The Tea Party As A Religion, Ctd

Dreher makes the same analogy I did:

Can the Tea Partiers’ beliefs be falsified? I don’t think they can be. I mean, is there any evidence that could convince them that the fault here lies with themselves, in the way they conceive politics, and in the way they behaved? It sure doesn’t look like it. In that sense, they think of politics as a kind of religion. It’s not for nothing that the hardcore House members stood together and sang “Amazing Grace” as the impossibility of their position became ever clearer. They really do bring a religious zealotry to politics.

Let me hasten to say that I’m not endorsing the “Christianist” meme, which I find far too reductive, among other things. Besides, many of the Tea Partiers and fellow travelers are not motivated by religious faith, but by a religious-like zeal for their political ideology. It was like this on the Right before the advent of the Tea Party. There has long been a sense on the Right that the movement must be vigilant against the backsliders and compromisers, who will Betray True Conservatism if you give them the chance. Again, the religious mindset: politics as a purity test. In this worldview, a politician who compromises sells out the True Faith — and faith, by definition, does not depend on empirical observation to justify itself.

Millman points out that treating politics as religion makes getting a majority near impossible:

In order to persuade someone, you have to be willing to entertain the possibility that there are multiple ways of looking at something, that there are arguments on both sides (albeit presumably better ones on your own), and that it is right and proper for someone to expect to be persuaded of the rightness of your position rather than merely be told what it is. That the truth is not self-evident, but contested, continuously. If entertaining that possibility is threatening to your faith, you won’t do it. If you don’t do it, you won’t be very persuasive to people who don’t already believe. Of course, you make make some converts of people who are looking for a new faith. But those who don’t convert will remain unpersuaded.
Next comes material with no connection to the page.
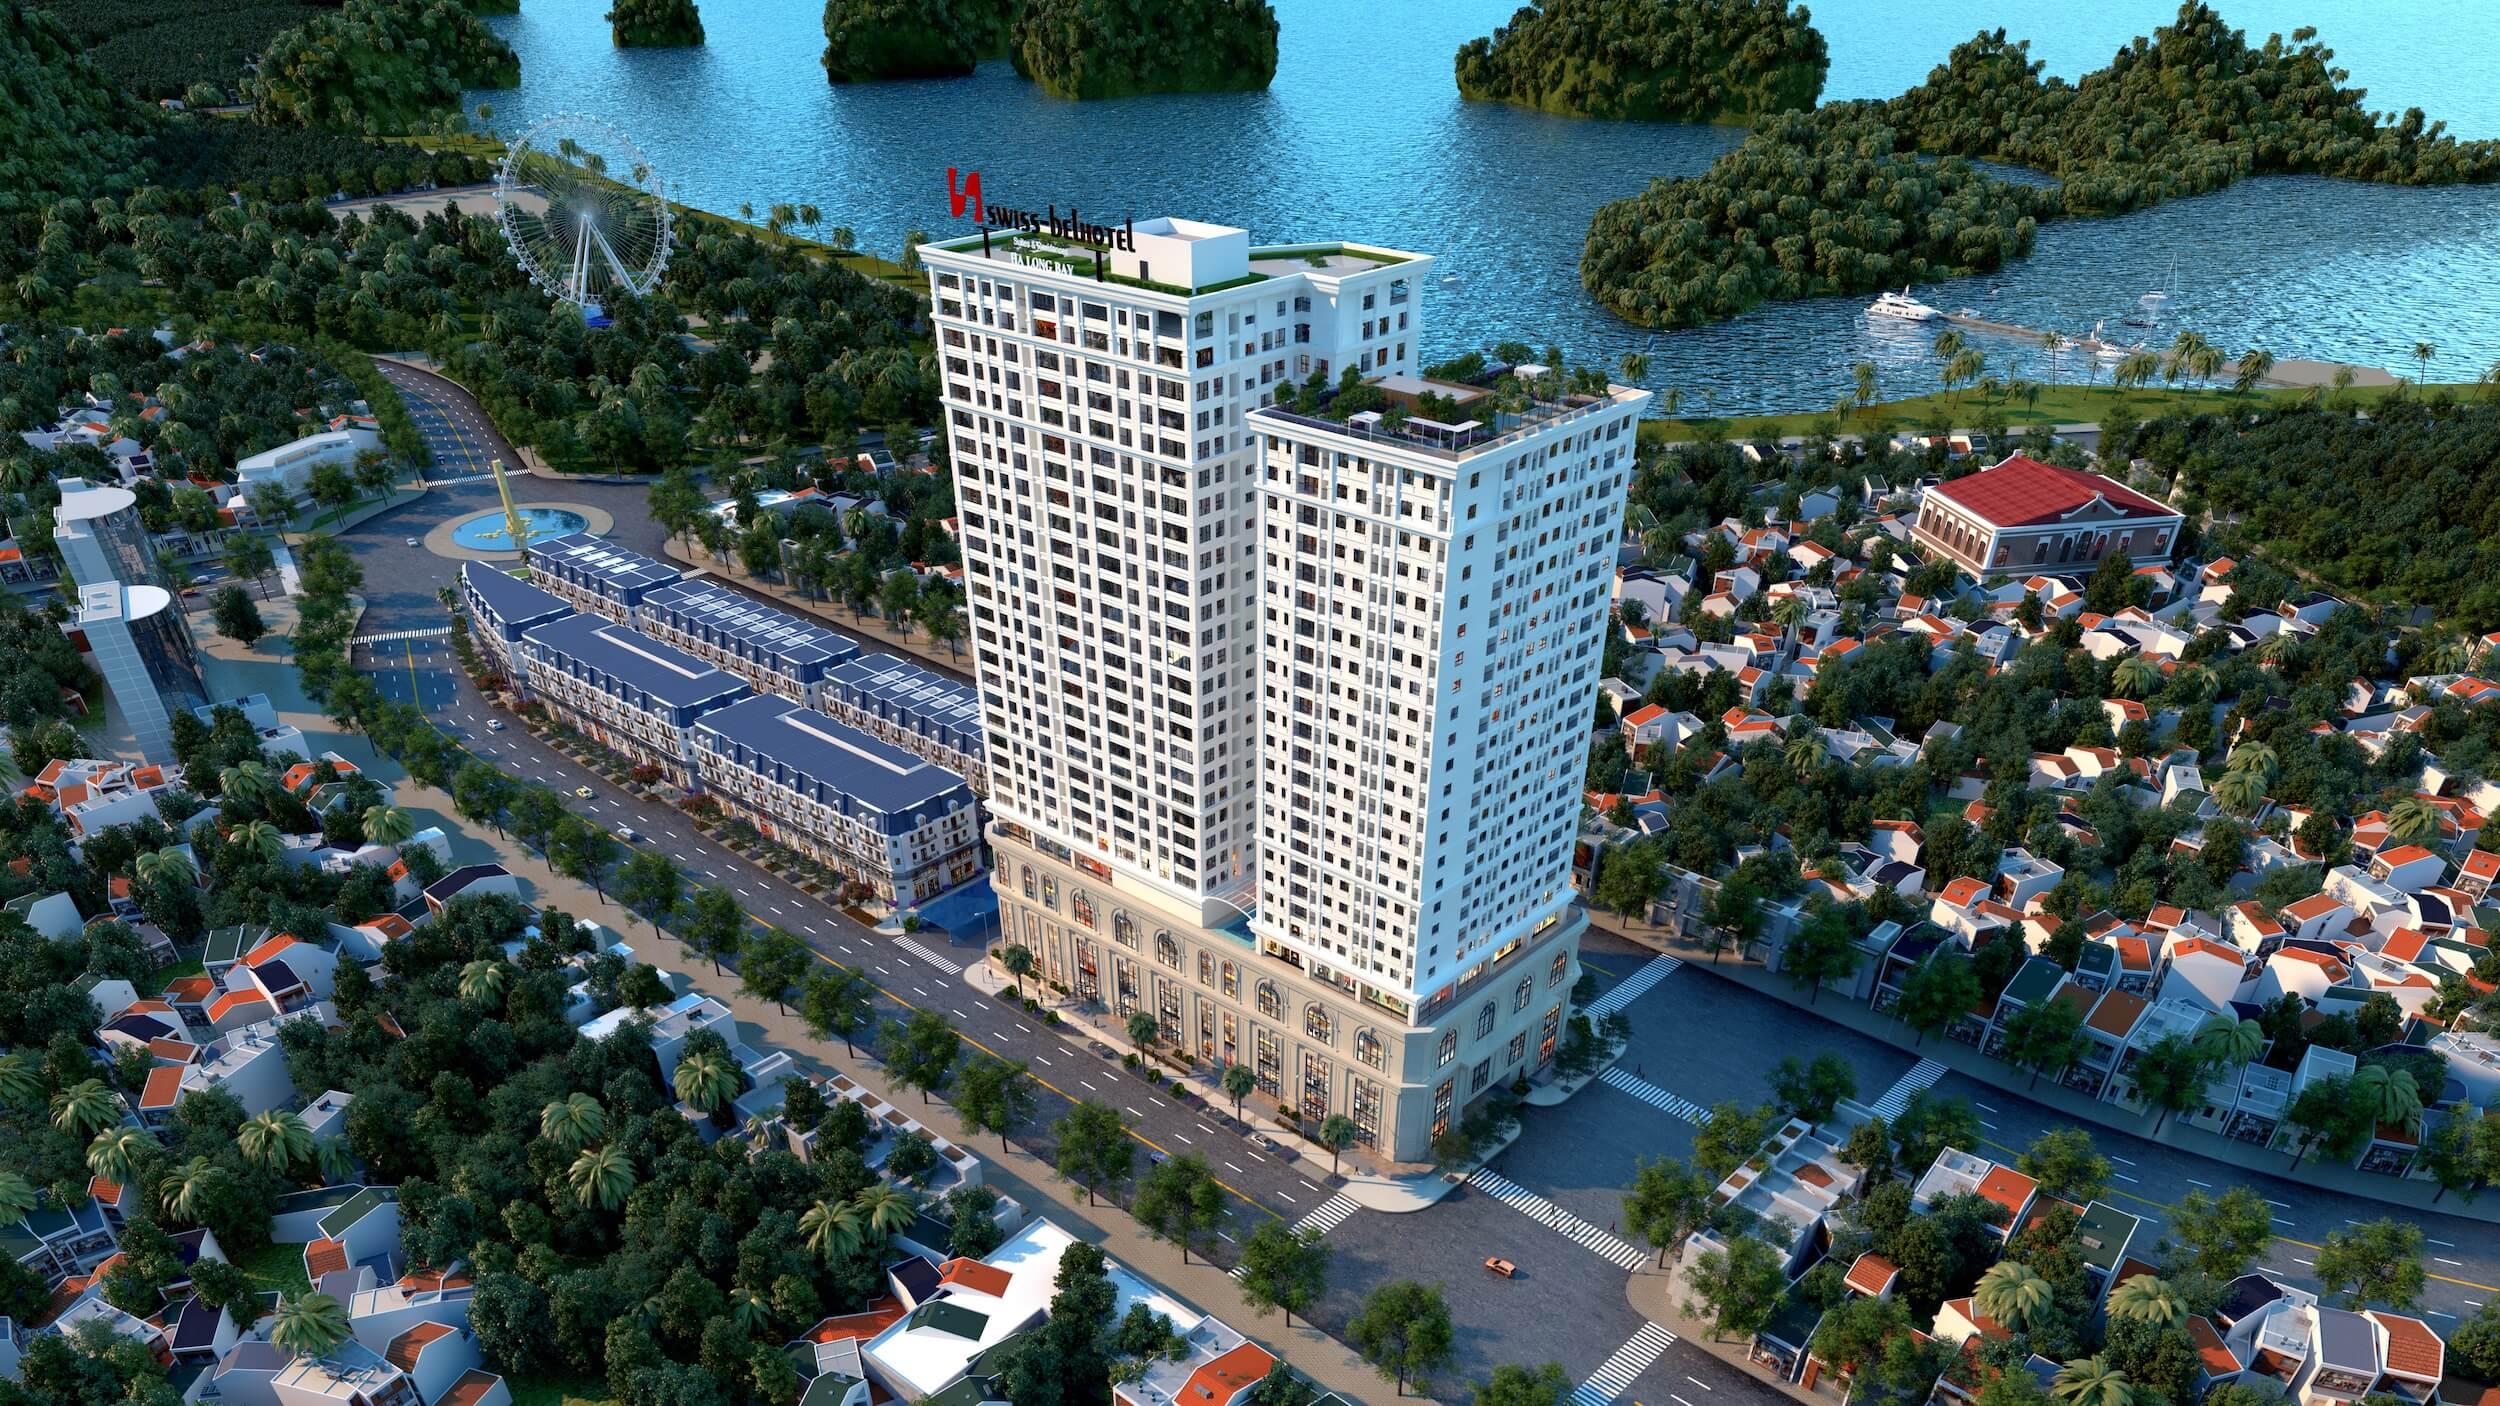 Swiss-Belhotel International devwale plan ekspansyon anbisye nan Vyetnam

A political party that tried to build itself like a church could only succeed if it had monopoly control of the state – if, in other words, it was the ruling party of a totalitarian system. Under a situation of free competition, those principles of organization will inevitably lead to perpetual minority status.

The confusion of politics with religion also explains why the GOP is obsessed with punishing political heresy. For example, Molly Ball gets an incredible quote from a Tea Partier who seems to no longer care about getting a majority:

“There are two views on the right. One says more Republicans is better; the other says better Republicans is better,” said Dean Clancy, vice president of public policy for the Tea Party group FreedomWorks. “One view focuses on the number of Republicans in the Senate, the other on the amount of fight in the senators.”

Finally, it’s telling that Eric Erickson uses religious language when attempting to enforce Tea Party dogma:

Men like Mitch McConnell, John Cornyn, Eric Cantor, Kevin McCarthy, and others have preached a great sermon against Obamacare, but now conservatives who supported them see that these men have refused to actually practice what they’ve been preaching. They’ve refused to stand and fight with the rest of us.